Of course, a great VC does far more than the above—those are just headlines of a sort. In addition to those four principles, says McCance, Greylock founder Bill Elfers instilled the firm with a culture/philosophy that he believes remains important today, 45 years later. Like the principles above, it also has four main elements.
“First is respect for the entrepreneur. He or she strives to be ‘best actor or actress.’ The VC…should strive to be ‘best supporting actor’ or, in other words, the best director the CEO has. Second, you must have a long term investing horizon. It takes a long time to build a great company. Third, have a compatible set of limited partners who embrace this time horizon and treat them as partners.” (Greylock, he says, long held quarterly meetings for its limited partners, and still meets twice a year with its LPs.)

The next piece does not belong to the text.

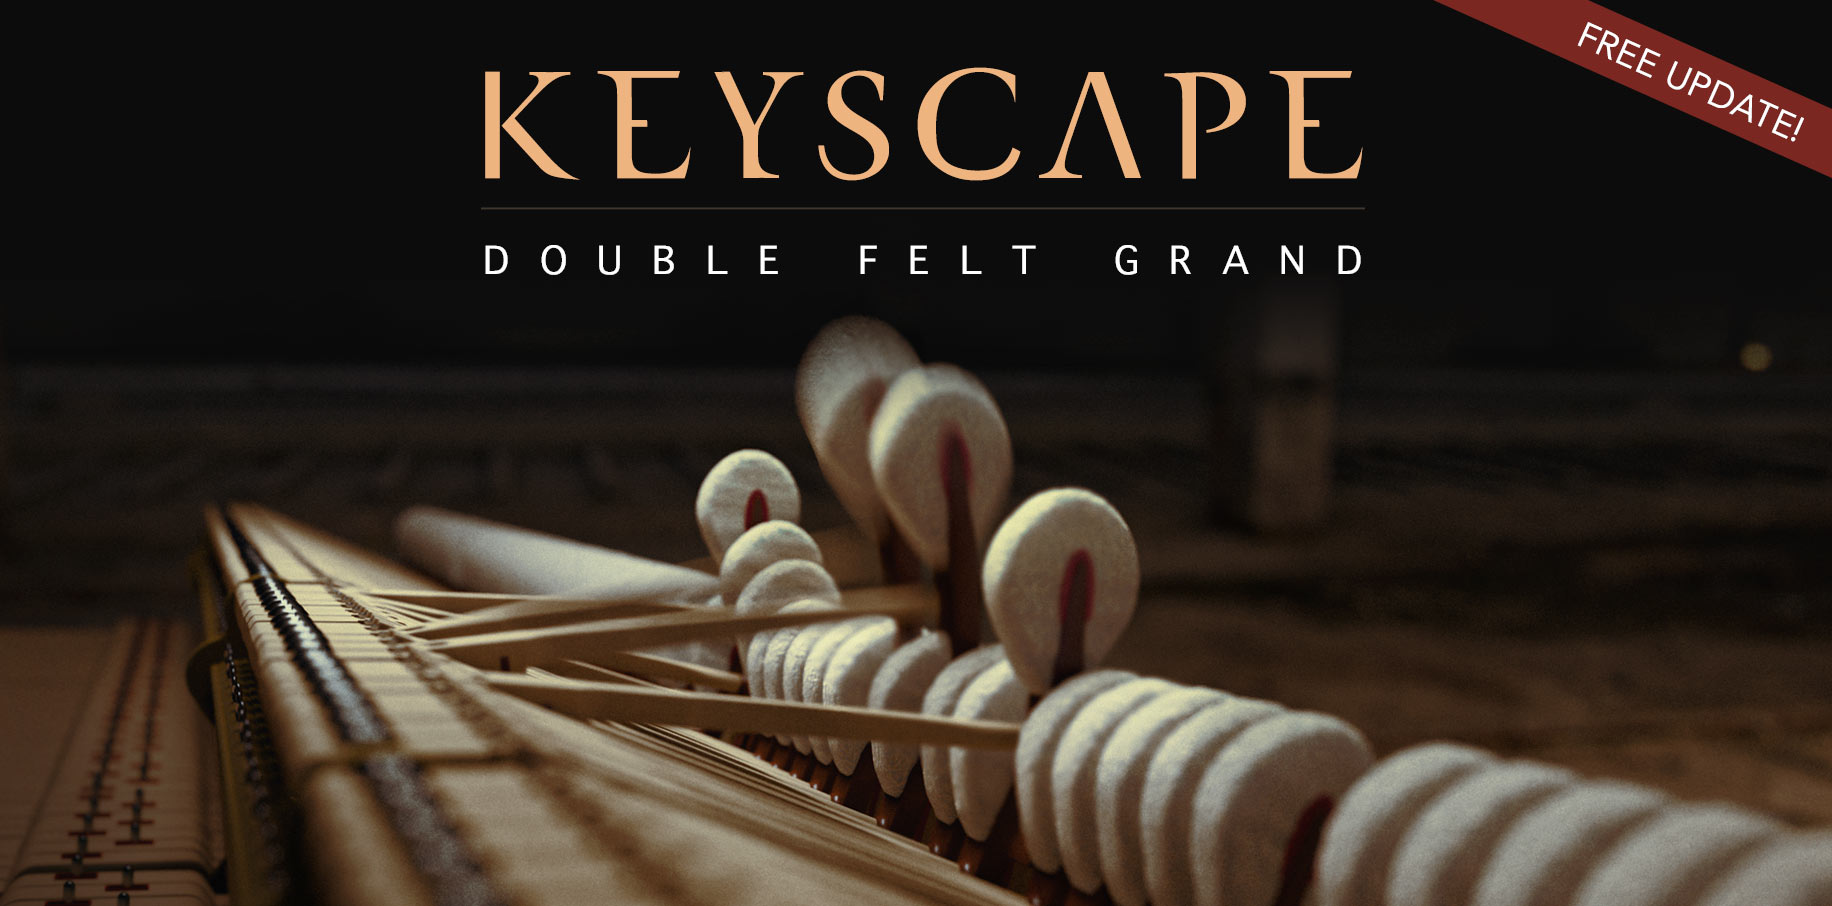 New Double Felt Grand for Keyscape
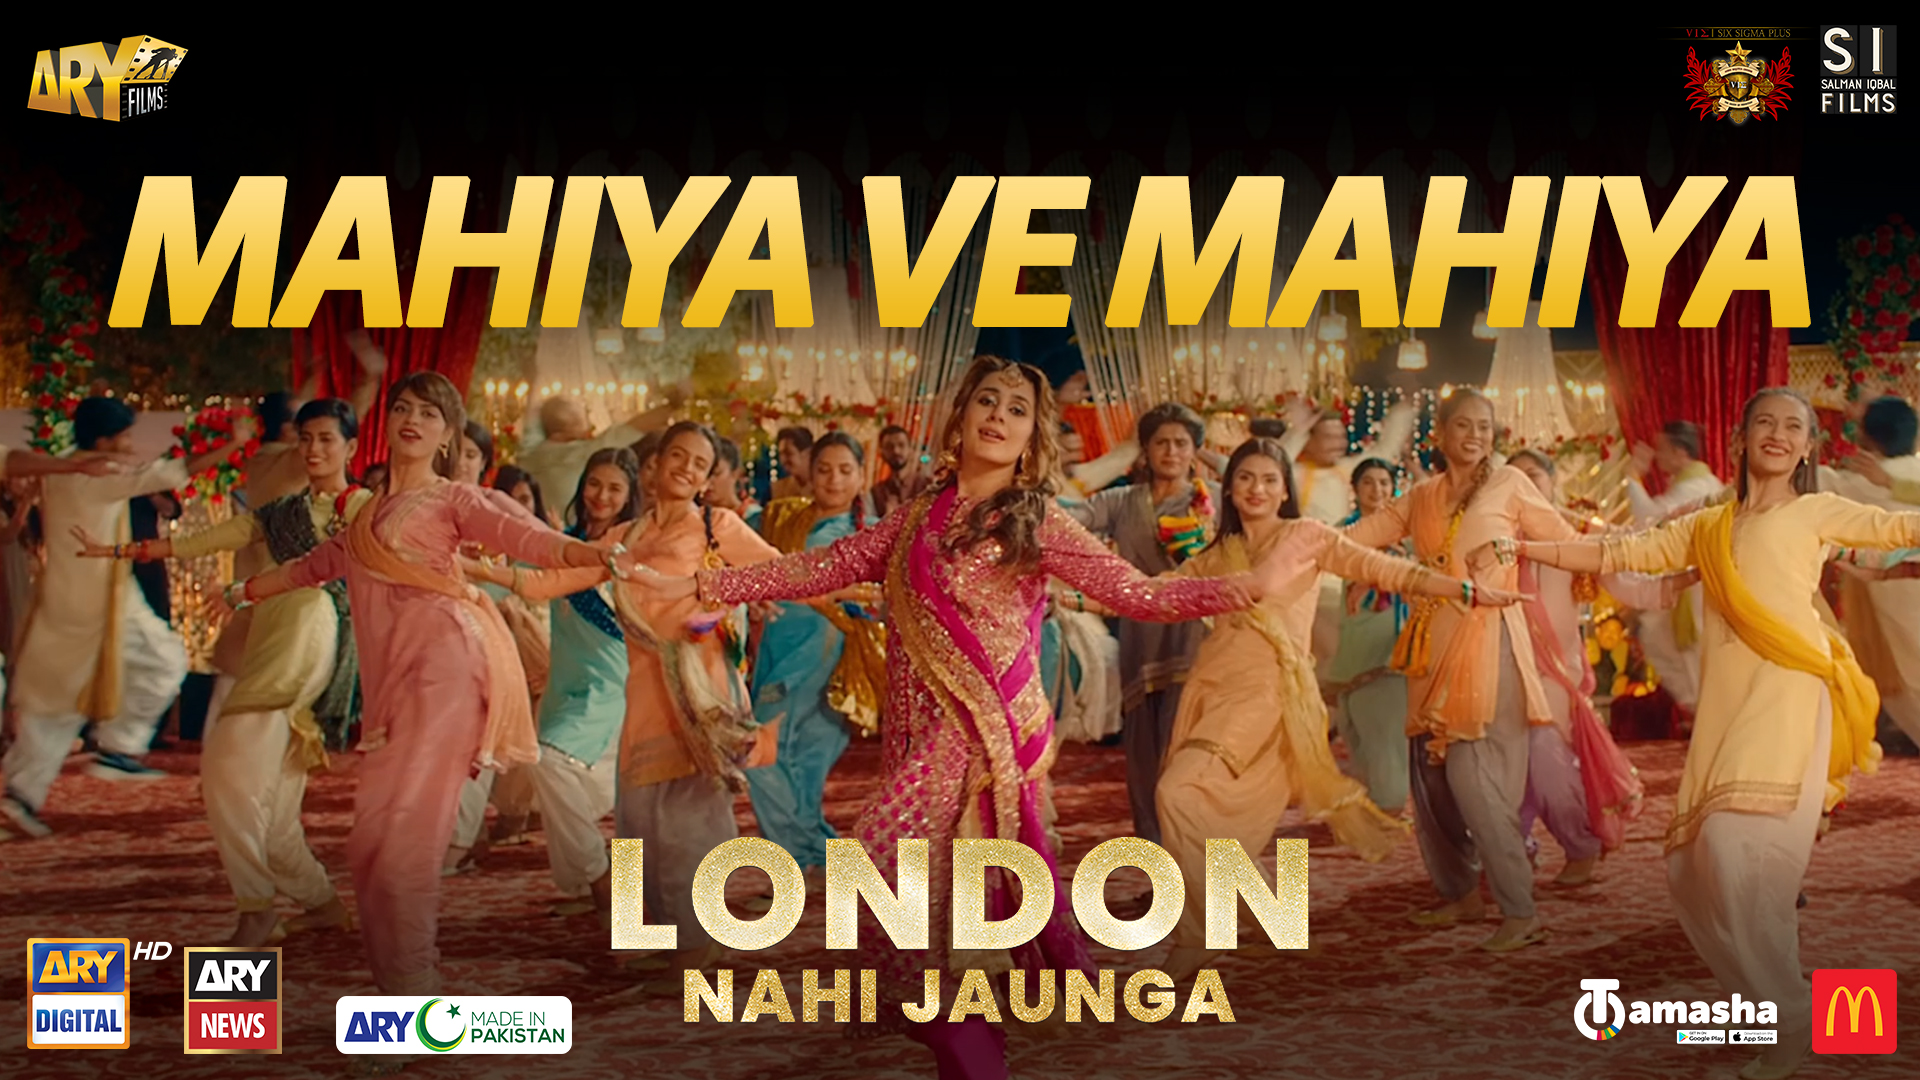 Here's why "Mahiya Ve Mahiya" from 'London Nahi Jaunga' will be played at every mehndi this wedding season!

“Finally,” he says, “make sure all interests are aligned.” McCance refers specifically to the fact that “Greylock has always had a budget-based fee structure, with arguably under market current income and above market carried interest.” Here we are getting into the more nuanced details of how venture firms work. You can read this post from Xconomist Paul Kedrosky that explains everything in fantastic detail. Suffice it to say that most venture firms charge an annual fee to cover overhead such as rent and partner salaries that is a percentage (typically 2 percent) of the total funds they have raised. Greylock believes this can create a misalignment of interests between the limited partners who invest in the firm and the general partners who invest the funds in startups by encouraging GPs to raise ever-larger funds and reducing the incentive to perform. Instead of taking a big annual fee up front, Greylock’s model is to ask the LPs to simply reimburse the firm for overhead but to charge a larger percentage of the profits generated by successful liquidity events, called “carry” in VC parlance. In a structure like Greylock’s, McCance argues, “the general partner’s interest and the limited partner’s interest are aligned. We get paid, not for gathering assets, but for helping create great companies.”